# Beans and Legumes



## Lake Windsong (Nov 27, 2009)

*Bean Soup*

1 lb navy beans
3 qt water
1 tsp salt
1 pch baking soda
1/2 cup shredded carrot
1 cup chopped celery
2 med onions, chopped
2 bay leaves
1 1/2 lb ham meat

*Ham bones*

Leftover ham drippings
1 cup mashed boiled potato
1/2 tsp black pepper
1/2 tsp dried thyme, optional
2 tbl Worcestershire sauce
1/4 cup chopped fresh parsley

In a large soup kettle, combine the beans, water, salt and baking soda.
Bring to a boil, cover, and simmer for 5 minutes.
Remove from the heat, skim off foam, re-cover, and let stand for 2 hour.
(The beans can also be soaked overnight if you prefer.)
Add the remaining ingredients except the parsley and simmer, covered, for about 1 1/2 to 2 hours.
Watch beans, for the cooking time willvary and the beans should not get mushy.
Remove the ham bone and dice any overlylarge pieces of meat and return to the soup.
Add the parsley just before serving.
This soup freezes very well.

*BAKED BEANS*

1 lb. navy beans
1/2 lb. bacon ends
1 med. onion (quartered)
1/4 c. brown sugar
1/3 c. molasses
2 tsp. dry mustard
2 tsp. salt
1/4 tsp. pepper
2 tbsp. vinegar
2 c. hot water

Long cooking develops the wonderful old-fashioned flavor.
Soak beans overnight in 6 cups water; add 1/4 teaspoon baking soda if water is hard.
Parboil beans for 20 minutes.
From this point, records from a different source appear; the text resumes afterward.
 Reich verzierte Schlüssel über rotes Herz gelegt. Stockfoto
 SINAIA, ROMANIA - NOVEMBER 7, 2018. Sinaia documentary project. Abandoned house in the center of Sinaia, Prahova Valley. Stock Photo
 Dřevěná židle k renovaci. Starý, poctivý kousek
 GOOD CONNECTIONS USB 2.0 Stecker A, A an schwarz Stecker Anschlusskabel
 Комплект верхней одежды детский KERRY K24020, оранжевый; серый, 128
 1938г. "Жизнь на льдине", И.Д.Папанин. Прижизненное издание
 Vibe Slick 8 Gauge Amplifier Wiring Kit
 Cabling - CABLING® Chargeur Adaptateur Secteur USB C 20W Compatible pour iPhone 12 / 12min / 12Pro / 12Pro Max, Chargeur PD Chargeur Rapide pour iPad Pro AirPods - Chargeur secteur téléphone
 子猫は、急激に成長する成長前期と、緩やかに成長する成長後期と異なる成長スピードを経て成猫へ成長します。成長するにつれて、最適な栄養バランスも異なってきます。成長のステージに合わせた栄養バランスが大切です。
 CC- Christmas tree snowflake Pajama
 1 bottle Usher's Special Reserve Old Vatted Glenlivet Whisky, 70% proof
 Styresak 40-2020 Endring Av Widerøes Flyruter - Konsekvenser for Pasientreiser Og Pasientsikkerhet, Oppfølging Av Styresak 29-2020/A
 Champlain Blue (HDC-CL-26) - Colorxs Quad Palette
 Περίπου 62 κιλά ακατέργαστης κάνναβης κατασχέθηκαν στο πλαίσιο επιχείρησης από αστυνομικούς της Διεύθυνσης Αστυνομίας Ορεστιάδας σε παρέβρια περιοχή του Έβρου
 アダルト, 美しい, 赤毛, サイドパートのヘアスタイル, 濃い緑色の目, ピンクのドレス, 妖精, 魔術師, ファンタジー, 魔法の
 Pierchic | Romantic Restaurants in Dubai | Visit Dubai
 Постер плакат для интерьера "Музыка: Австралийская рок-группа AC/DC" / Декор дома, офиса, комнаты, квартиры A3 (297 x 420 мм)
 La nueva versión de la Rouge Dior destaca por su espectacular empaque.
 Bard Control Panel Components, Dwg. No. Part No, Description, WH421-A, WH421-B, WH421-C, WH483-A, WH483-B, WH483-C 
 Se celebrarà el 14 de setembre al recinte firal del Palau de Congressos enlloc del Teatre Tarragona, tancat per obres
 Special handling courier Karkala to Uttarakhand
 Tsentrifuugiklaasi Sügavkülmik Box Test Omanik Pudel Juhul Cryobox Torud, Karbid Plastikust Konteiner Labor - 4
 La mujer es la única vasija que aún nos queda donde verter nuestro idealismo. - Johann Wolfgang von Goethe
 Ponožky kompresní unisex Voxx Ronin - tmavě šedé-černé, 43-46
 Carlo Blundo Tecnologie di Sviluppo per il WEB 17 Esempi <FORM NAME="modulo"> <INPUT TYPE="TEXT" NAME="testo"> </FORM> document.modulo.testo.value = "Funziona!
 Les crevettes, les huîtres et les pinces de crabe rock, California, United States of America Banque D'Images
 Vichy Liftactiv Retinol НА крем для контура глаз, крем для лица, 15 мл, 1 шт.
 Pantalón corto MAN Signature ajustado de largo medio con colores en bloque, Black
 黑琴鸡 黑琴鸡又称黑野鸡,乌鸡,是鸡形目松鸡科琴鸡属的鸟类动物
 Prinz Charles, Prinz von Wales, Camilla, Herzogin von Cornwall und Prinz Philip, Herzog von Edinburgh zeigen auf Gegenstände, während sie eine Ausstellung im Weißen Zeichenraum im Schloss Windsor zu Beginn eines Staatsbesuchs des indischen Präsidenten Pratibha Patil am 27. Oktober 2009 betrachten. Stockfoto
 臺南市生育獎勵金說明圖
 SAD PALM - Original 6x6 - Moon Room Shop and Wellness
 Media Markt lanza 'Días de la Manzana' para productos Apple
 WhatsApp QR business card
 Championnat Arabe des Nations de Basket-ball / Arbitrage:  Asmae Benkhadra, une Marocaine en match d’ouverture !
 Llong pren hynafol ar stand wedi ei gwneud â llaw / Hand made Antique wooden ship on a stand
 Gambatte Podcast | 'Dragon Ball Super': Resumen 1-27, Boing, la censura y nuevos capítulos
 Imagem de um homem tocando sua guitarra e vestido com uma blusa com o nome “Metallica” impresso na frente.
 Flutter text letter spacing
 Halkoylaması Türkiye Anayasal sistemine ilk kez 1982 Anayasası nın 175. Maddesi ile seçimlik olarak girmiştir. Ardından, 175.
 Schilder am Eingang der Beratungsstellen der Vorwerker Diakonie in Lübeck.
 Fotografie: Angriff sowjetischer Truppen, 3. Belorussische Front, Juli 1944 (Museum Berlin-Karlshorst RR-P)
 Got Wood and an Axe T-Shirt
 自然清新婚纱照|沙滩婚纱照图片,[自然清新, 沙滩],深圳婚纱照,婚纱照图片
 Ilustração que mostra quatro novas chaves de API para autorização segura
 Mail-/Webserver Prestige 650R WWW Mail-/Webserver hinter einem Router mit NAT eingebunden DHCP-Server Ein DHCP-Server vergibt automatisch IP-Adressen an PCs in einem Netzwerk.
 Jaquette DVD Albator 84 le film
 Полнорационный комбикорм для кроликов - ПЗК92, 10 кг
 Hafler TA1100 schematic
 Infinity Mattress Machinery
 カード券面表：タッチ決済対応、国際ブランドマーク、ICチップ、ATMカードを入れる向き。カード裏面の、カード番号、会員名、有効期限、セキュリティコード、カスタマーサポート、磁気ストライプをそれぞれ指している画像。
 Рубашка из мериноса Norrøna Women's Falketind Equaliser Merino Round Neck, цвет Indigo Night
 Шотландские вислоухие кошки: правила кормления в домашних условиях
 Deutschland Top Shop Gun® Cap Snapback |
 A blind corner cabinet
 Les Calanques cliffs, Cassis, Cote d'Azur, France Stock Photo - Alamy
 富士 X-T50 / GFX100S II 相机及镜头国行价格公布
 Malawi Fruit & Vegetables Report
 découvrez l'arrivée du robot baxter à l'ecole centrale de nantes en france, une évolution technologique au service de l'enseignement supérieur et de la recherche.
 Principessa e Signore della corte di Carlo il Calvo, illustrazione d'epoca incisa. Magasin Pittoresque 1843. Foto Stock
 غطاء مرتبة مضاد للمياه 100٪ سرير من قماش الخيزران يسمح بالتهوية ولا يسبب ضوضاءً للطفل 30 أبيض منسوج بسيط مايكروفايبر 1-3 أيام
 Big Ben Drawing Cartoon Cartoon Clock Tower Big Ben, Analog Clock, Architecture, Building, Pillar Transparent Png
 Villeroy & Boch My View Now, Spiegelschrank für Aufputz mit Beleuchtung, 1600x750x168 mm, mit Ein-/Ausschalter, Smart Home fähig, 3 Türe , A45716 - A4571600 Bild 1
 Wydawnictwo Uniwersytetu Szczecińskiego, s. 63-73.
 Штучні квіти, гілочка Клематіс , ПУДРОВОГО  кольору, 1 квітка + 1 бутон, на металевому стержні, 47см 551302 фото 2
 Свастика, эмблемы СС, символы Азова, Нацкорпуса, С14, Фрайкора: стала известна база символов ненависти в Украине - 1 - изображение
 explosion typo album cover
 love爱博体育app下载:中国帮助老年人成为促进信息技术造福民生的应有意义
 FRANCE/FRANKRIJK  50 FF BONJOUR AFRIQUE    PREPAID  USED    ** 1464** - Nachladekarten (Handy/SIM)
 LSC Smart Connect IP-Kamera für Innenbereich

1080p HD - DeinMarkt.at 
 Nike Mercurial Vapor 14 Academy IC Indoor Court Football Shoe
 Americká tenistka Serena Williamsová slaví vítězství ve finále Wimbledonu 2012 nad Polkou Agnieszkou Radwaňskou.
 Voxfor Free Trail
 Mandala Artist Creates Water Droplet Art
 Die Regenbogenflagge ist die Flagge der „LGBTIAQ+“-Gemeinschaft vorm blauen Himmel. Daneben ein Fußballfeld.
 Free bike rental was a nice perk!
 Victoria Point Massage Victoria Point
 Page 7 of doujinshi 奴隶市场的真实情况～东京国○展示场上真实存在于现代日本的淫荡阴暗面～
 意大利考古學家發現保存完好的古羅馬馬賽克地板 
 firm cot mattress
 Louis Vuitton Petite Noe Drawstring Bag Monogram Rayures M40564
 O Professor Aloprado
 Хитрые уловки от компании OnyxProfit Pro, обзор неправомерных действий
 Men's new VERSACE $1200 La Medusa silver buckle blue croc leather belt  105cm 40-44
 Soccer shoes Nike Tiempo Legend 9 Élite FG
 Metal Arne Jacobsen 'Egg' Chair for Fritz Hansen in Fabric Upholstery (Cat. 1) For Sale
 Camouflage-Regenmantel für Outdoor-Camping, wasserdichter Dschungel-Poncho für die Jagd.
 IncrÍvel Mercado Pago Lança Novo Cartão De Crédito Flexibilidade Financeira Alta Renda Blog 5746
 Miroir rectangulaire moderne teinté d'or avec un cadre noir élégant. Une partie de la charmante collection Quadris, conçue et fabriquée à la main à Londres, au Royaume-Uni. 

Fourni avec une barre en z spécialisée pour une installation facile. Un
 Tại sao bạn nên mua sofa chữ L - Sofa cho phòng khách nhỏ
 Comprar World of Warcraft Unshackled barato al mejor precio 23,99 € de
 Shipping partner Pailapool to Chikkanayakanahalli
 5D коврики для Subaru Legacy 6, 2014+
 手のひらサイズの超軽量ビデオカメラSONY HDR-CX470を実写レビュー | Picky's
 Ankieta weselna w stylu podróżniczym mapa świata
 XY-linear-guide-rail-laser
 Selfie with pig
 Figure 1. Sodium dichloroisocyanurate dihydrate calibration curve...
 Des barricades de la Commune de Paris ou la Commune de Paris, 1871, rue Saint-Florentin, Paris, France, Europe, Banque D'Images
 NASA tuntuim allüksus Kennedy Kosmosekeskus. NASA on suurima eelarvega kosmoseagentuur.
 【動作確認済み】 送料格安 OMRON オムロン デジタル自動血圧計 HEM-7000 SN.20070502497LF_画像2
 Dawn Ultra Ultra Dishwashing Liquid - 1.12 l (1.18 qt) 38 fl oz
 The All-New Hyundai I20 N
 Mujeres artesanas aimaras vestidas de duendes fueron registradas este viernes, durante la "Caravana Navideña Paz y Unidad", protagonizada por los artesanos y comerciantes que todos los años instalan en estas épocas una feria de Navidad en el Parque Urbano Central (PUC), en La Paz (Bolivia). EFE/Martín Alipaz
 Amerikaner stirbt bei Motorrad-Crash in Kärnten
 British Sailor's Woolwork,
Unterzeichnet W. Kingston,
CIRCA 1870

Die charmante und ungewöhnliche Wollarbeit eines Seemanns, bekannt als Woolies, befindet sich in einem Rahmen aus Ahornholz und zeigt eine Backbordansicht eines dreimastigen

Drain beans after parboiling; rinse with cold water.
Dice bacon ends to 1-inch square, placing half in the bottom of a 2-quart bean pot or casserole along with the quartered onion. Add beans.
Mix remaining ingredients with hot water.
Pour over top of beans.
Top with remaining bacon ends.
Cover and bake in a slow (300 degree) oven for about 6 hours adding hot water as needed to keep beans moist.

Serves 8 to 10.

*PINTO BEAN PIE*

½ cup granulated sugar
1 cup brown sugar, packed
2 eggs, beaten
1 stick (½ cup) butter, softened
1 heaping cup mashed, cooked pinto beans
1 unbaked 9-inch pie shell
Whipped cream, whipped topping, or scoop of ice cream

Beat until creamy the granulated sugar, brown sugar, eggs and butter. Add pinto beans, blend well. Pour into unbaked pie shell and bake at 375o for 20 minutes. Reduce heat to 350o and bake an additional 25 minutes or until a knife inserted in center comes out clean. Serve with whipped cream, whipped topping, or scoop of ice cream.


----------



## bunkerbob (Sep 29, 2009)

> Nobody trips over mountains. It is the small pebble that causes you to stumble. Pass all the pebbles in your path and you will find you have crossed the mountain.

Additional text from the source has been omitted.